Australian and British actress, singer, model, and political activist (born 1983)

Holly Rachel Vukadinović (born 11 May 1983), known professionally as Holly Valance, is an Australian and British actress, singer, model, and a right-wing political activist and fundraiser.

Valance became well known for her role as Felicity "Flick" Scully on the Australian soap opera Neighbours (1999–2002, 2005, 2022) and later played Nika Volek in Prison Break (2005–2006). Her film roles include DOA: Dead or Alive (2006), National Lampoon's Pledge This! (2006), Taken (2008), and Kambakkht Ishq (2009). Her first album, Footprints (2002), provided three top three singles: "Kiss Kiss", "Down Boy" and "Naughty Girl". The title song of her second and final album, State of Mind (2003), was also a UK top ten single. She was also a contestant on the ninth series of Strictly Come Dancing in 2011.

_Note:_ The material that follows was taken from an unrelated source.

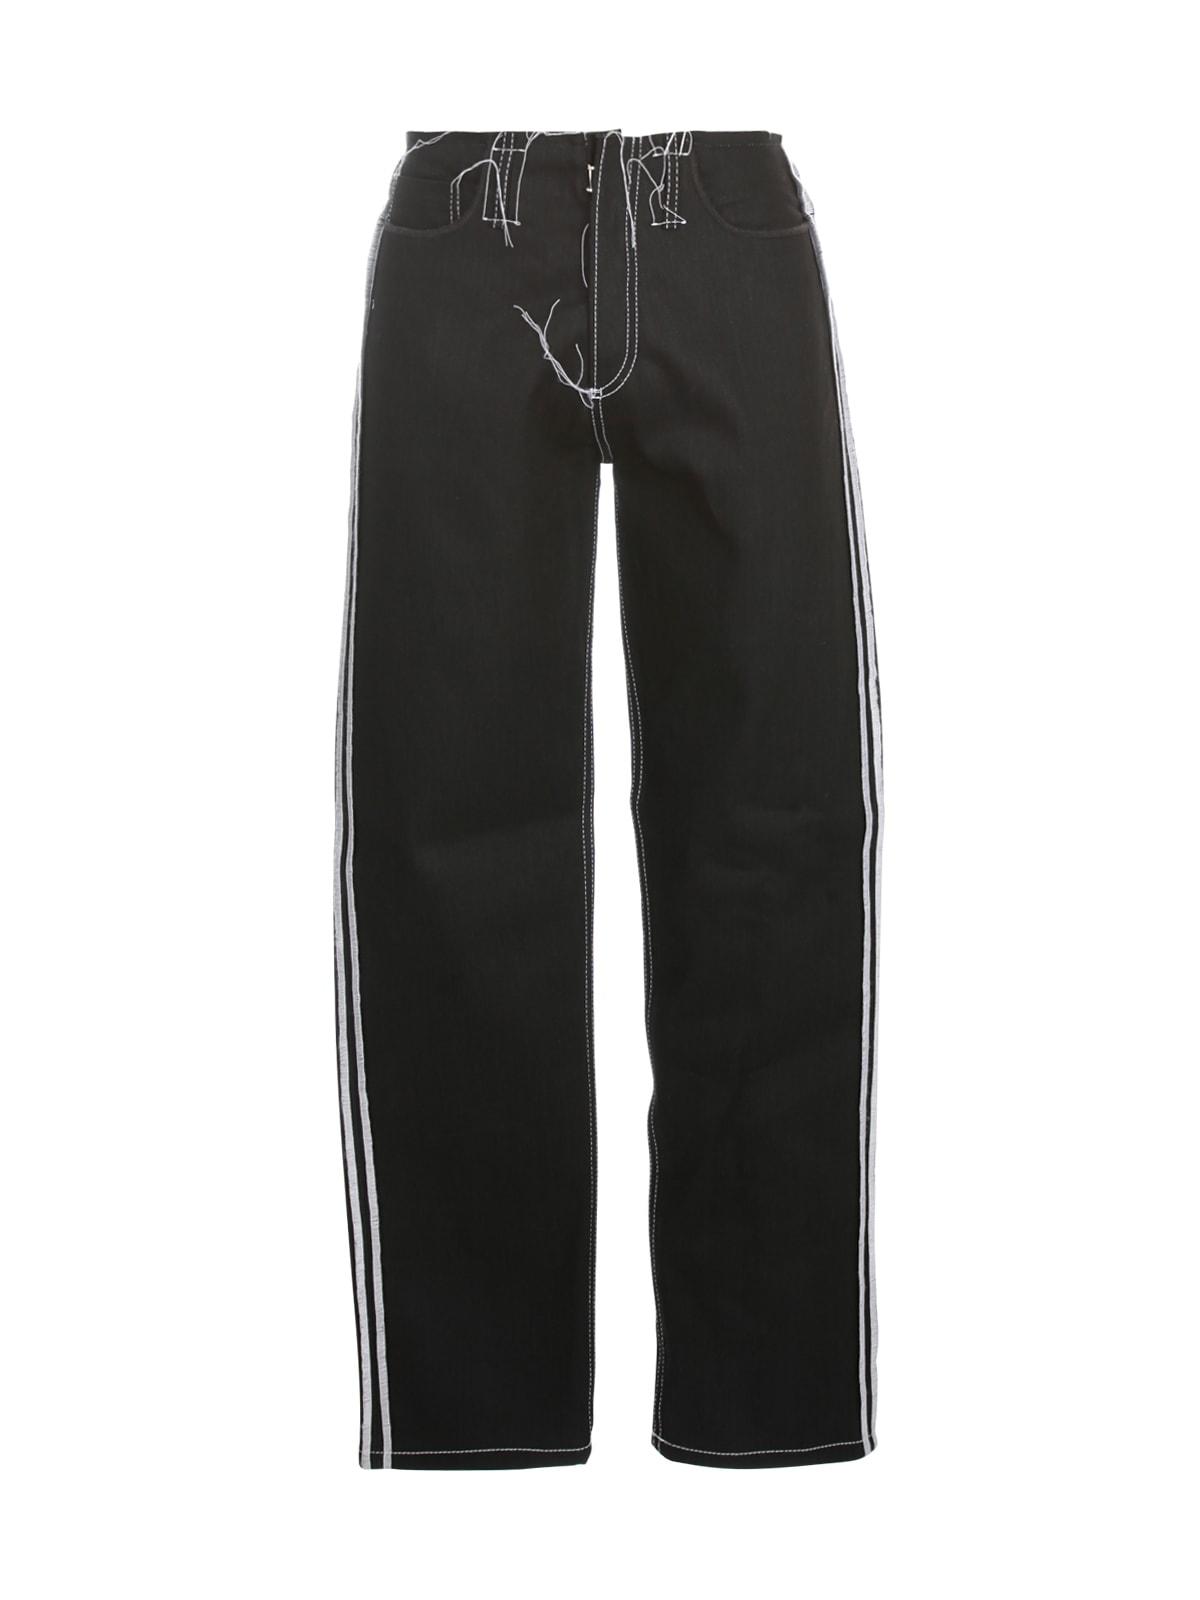 Maison Margiela Raw Jeans

Since 2024, Valance has become involved in UK and US politics as a prominent supporter and fundraiser for Nigel Farage's Reform UK and Donald Trump's third presidential campaign.

==Early life==
Holly Valance was born on 11 May 1983, as Holly Rachel Vukadinović, in Fitzroy, Victoria, from Serb father, Rajko Vukadinović, and a British mother of English and Spanish descent Rachel (née Stephens) from Southampton. Her father was a former pianist and model in his native Belgrade, Serbia, former Yugoslavia. Her mother, whose father was a relative of comedian Benny Hill, was a model in the United Kingdom.
Valance's parents divorced in 1986. Valance has a sister, Coco. Rajko later remarried and Holly has a half-sister, Olympia, who has also acted in Neighbours as Paige Smith (2014–2018, 2020, 2022). In Melbourne Rajko ran a "trendy imported European clothes store".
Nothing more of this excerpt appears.